Противостоять распаду в России и эмиграции сложно, но можно, прислушиваясь к Пушкину. Но и в его наследии мы видим некую двойственность. В.Н. Топоров писал: «Более того, подобно тому как «аполлоновскому» противостоит «дионисийское», так и в самом «аполлоновском» немало внутренних соблазнов, которые в более глубоком смысле можно было бы понимать как некоторую из своих собственных корней произрастающую двойственность, хорошо известную определенному типу поэтов и их поэзии и позволяющую, кажется, понимать ее как своего рода индукцию «дионисийского» начала в «аполлоновском» пространстве.

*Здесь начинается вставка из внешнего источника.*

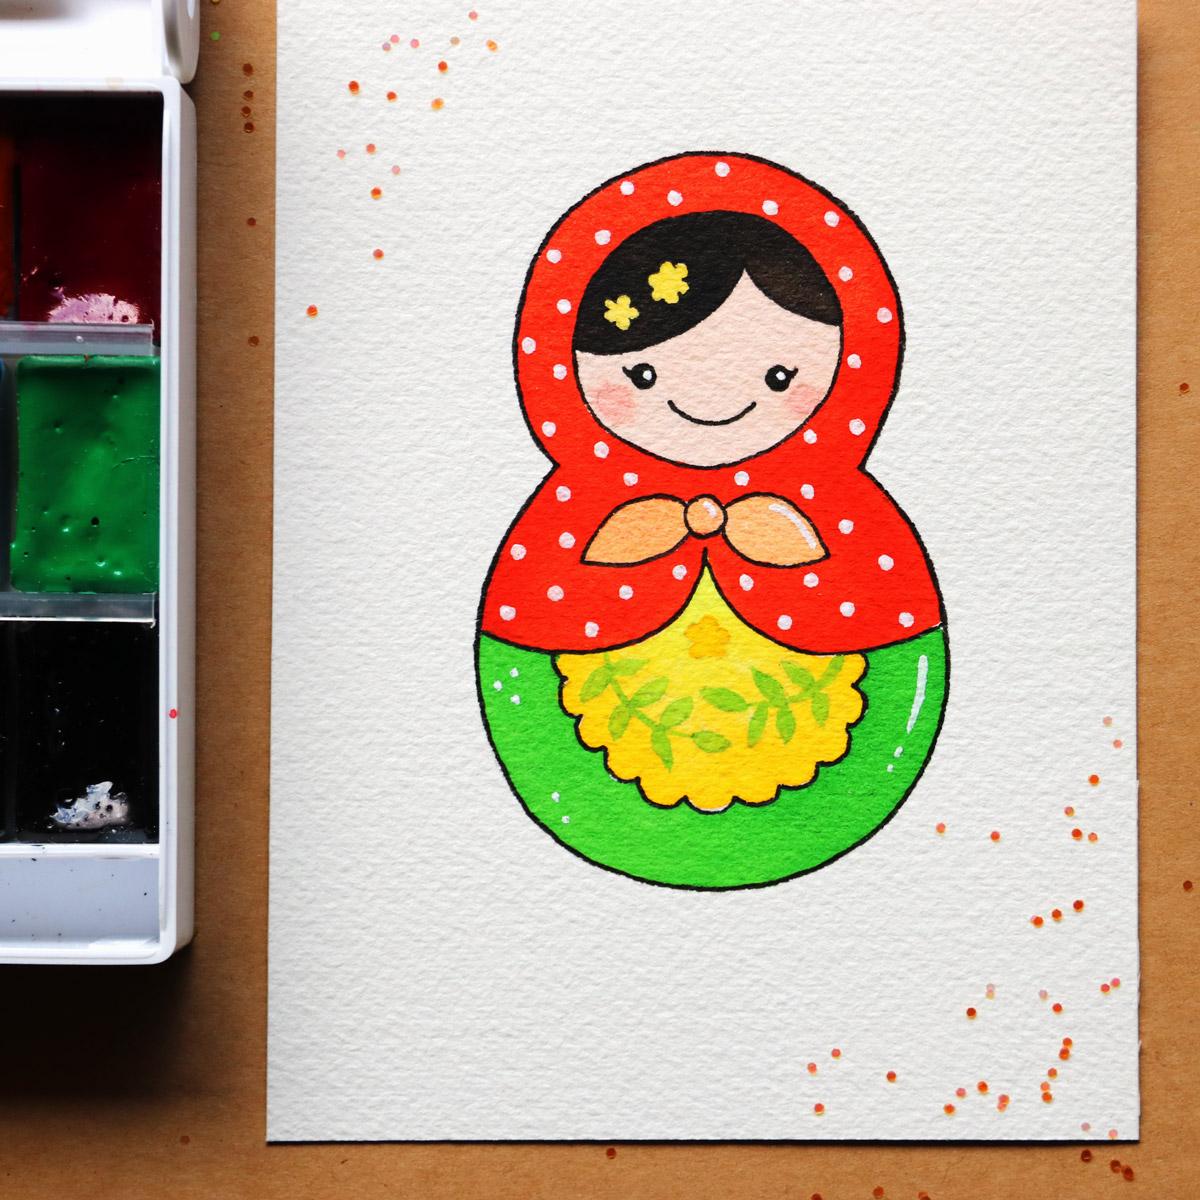 How to draw kawaii matryoshka doll step-by-step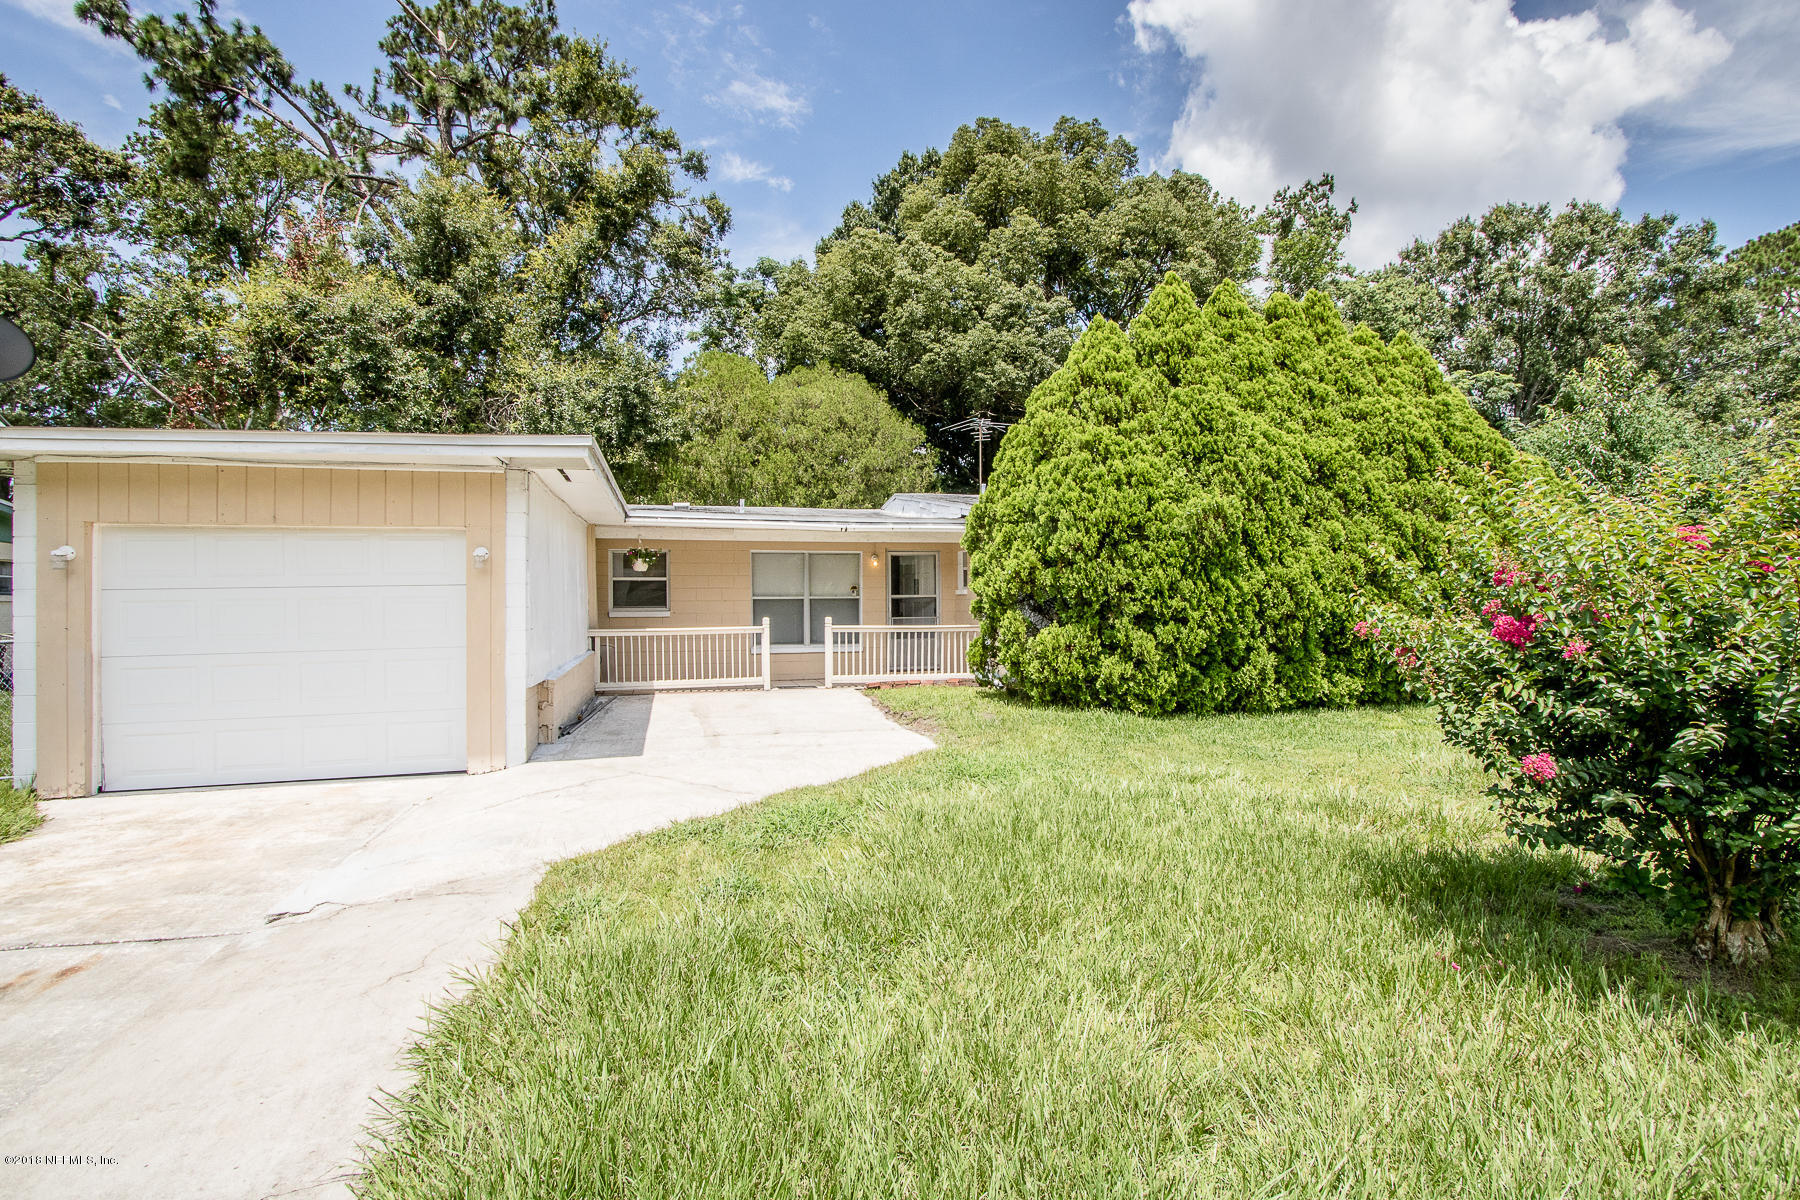 4748 REDSTONE, JACKSONVILLE, FLORIDA 32210, 3 Bedrooms Bedrooms, ,2 BathroomsBathrooms,Residential - single family,For sale,REDSTONE,946202

Рассуждая вообще, такой напор вещего, женственного, ночного начала должен неизбежно располагать к пассивности и слабости мужественного, солнечного, самосозидающего духа, и эта пассивность порой граничит с медиумизмом. В то же время благодаря ей же легко появляется уклон к холодному люциферизму, мистическому интеллектуализму. Пушкин, с обычной для него прозорливостью, уже наметил эту загадку подобного enthusiasmos в «Египетских ночах», в образе декламатора-итальянца, да и сам иногда сетовал о пассивно вдохновляющемся поэте, что «меж детей ничтожных мира, быть может, всех ничтожней он».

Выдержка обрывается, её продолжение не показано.